Gabor Kaszab has posted comments on this change. ( 
http://gerrit.cloudera.org:8080/17847 )

Change subject: IMPALA-10838: Error when struct returned from WITH()
......................................................................


Patch Set 9:

(20 comments)

http://gerrit.cloudera.org:8080/#/c/17847/9//COMMIT_MSG
Commit Message:

http://gerrit.cloudera.org:8080/#/c/17847/9//COMMIT_MSG@7
PS9, Line 7: IMPALA-10838: Error when struct returned from WITH()
I wouldn't say I understand everything that happens in ExprSubstitutionMap but 
left some comments.
Nice work to fill this feature gap, anyway!
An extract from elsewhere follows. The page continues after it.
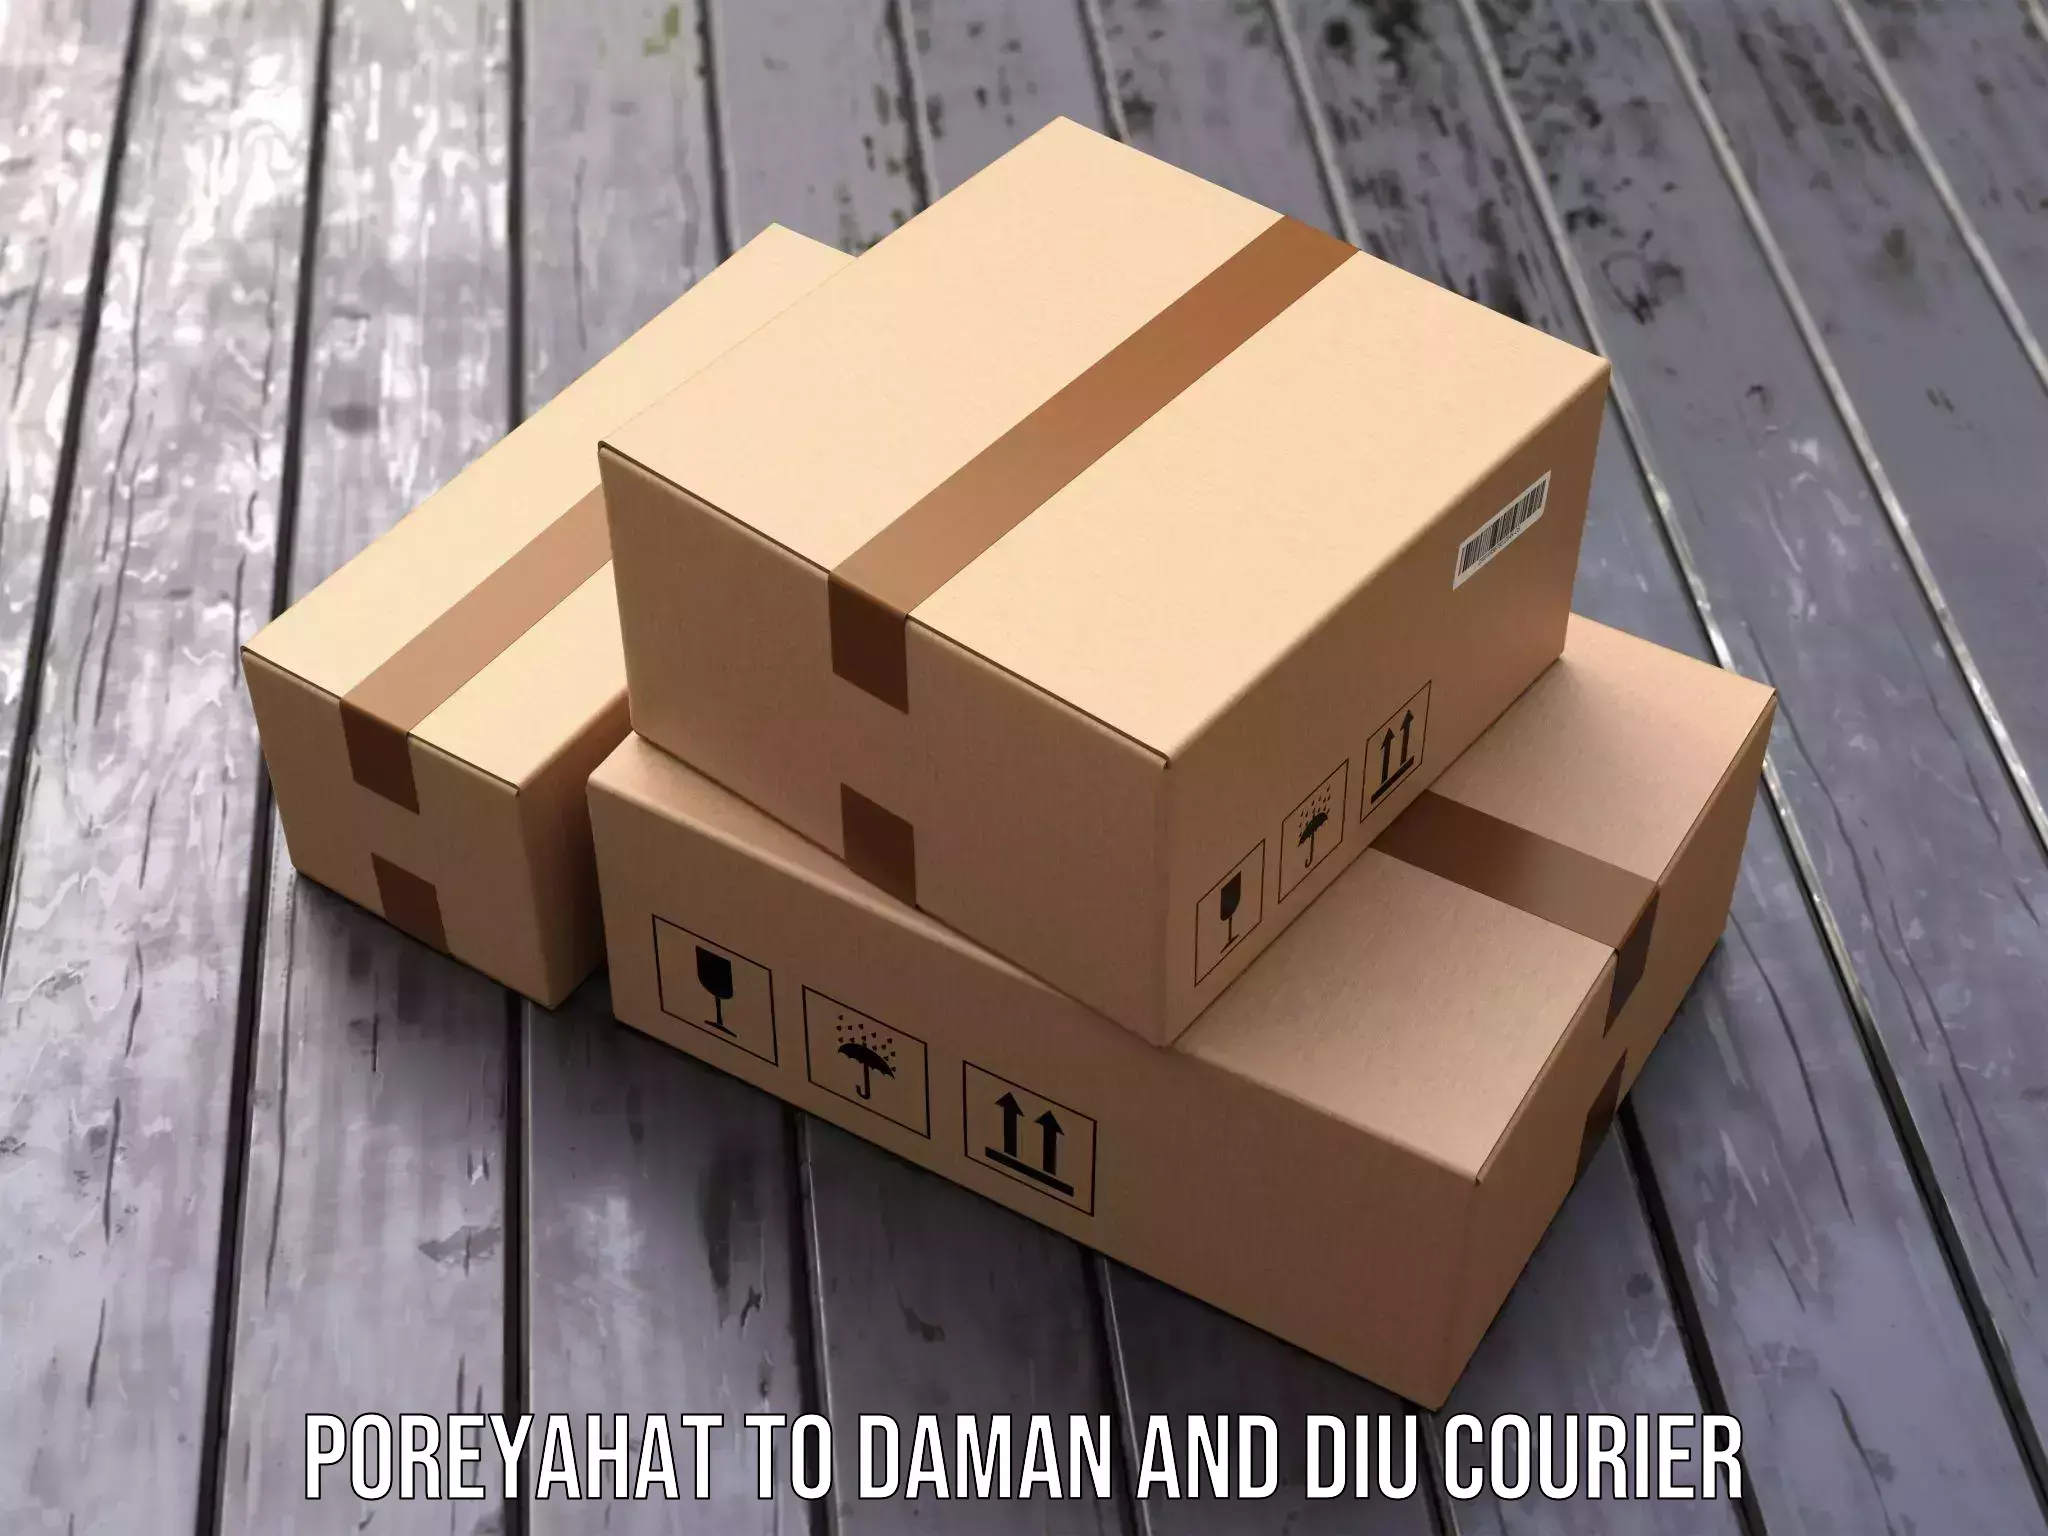 On-demand delivery Poreyahat to Daman and Diu
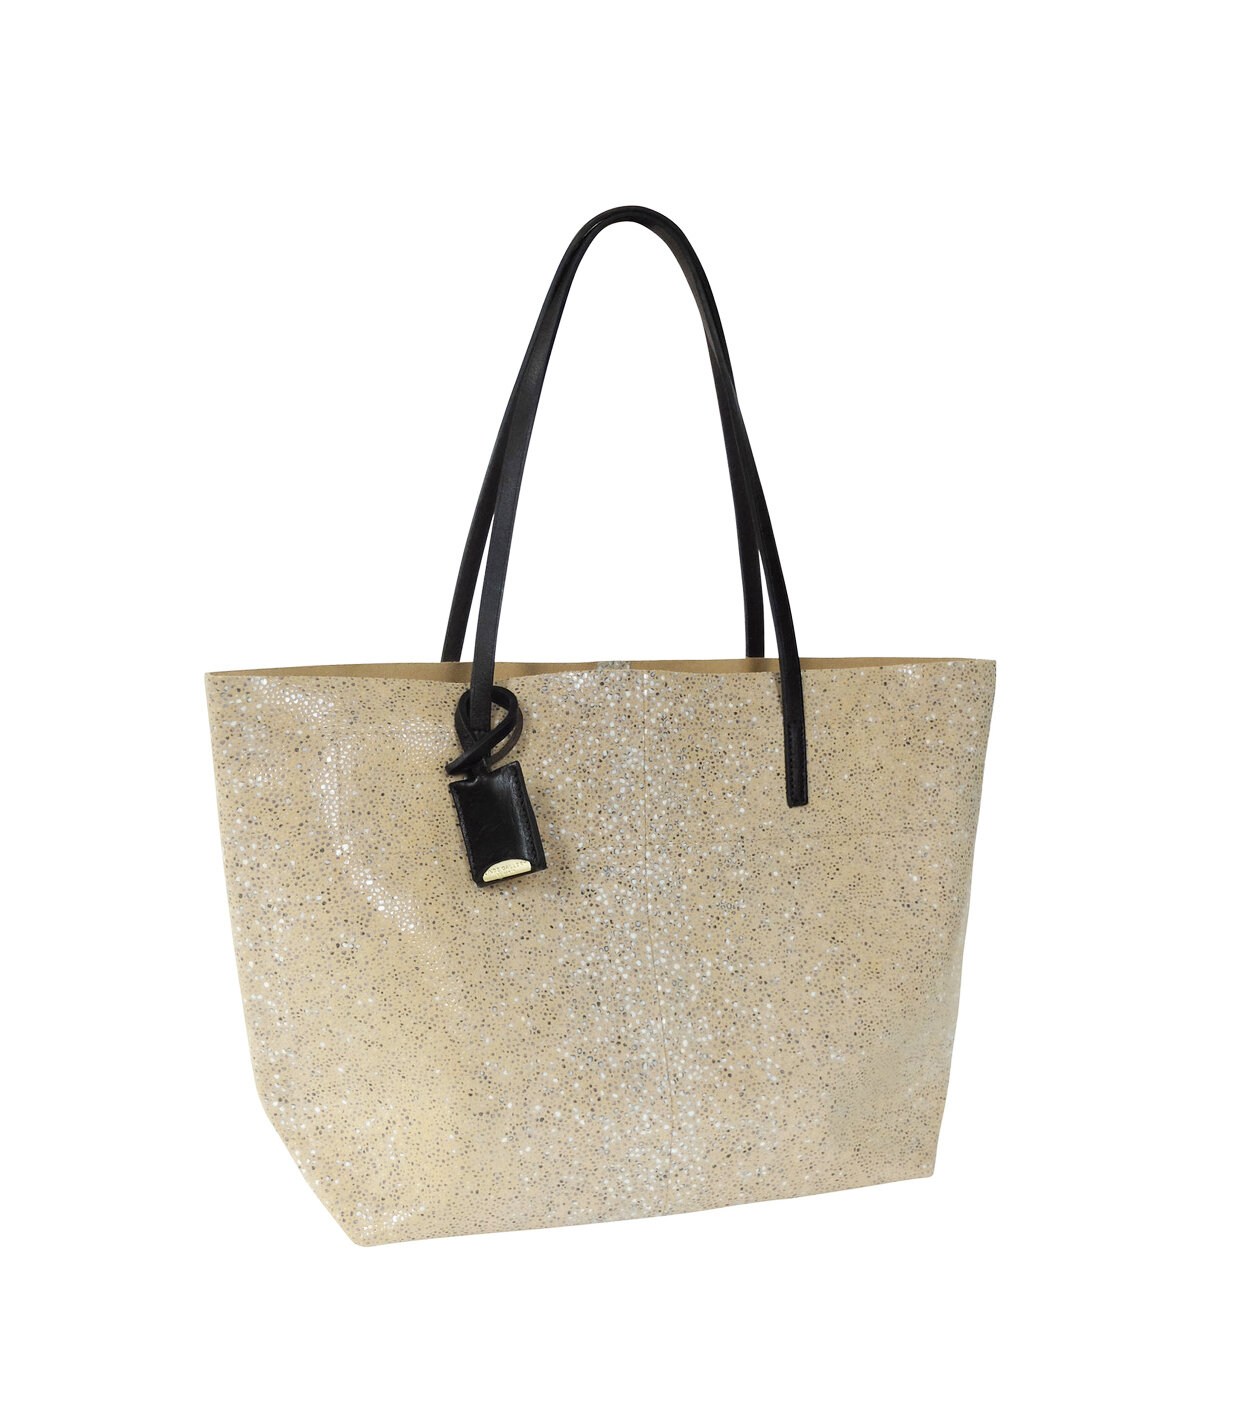 GOUVERNEUR S - GALUCHAT - PRINTED SUEDE - CHAMPAGNE — Linde Gallery St-Barth

http://gerrit.cloudera.org:8080/#/c/17847/9//COMMIT_MSG@29
PS9, Line 29: in expression substitutions (in
            :     org.apache.impala.analysis.Expr.substituteImpl), if there is 
no
            :     substitution mapping for a field of a struct but there is a 
mapping
            :     for an enclosing struct, find the mapping for that enclosing 
struct
            :     and from its subexpressions use the one corresponding to the
            :     original expression for substitution
If I'm not mistaken with this approach every time you unsuccessfully try to 
substitute a field of a struct you then find the enclosing field and then try 
the substitution from that angle. Wouldn't it be more performant to populate 
the substitute map in a way to hold the fields of a struct from the beginning?


http://gerrit.cloudera.org:8080/#/c/17847/9//COMMIT_MSG@44
PS9, Line 44: Tests
Would it make sense to somehow assert on the 'tuple-size' in the scan node? (in 
a planner test maybe?) This way we could see if querying a struct member 
actually reads the whole struct or not.


http://gerrit.cloudera.org:8080/#/c/17847/9/fe/src/main/java/org/apache/impala/analysis/Expr.java
File fe/src/main/java/org/apache/impala/analysis/Expr.java:

http://gerrit.cloudera.org:8080/#/c/17847/9/fe/src/main/java/org/apache/impala/analysis/Expr.java@1148
PS9, Line 1148: SlotRef overrides this method
              :     // so we need no check here.
This part in my opinion is only relevant when the reader knew that here was an 
'if' that was removed. Otherwise this sentence just brings confusion.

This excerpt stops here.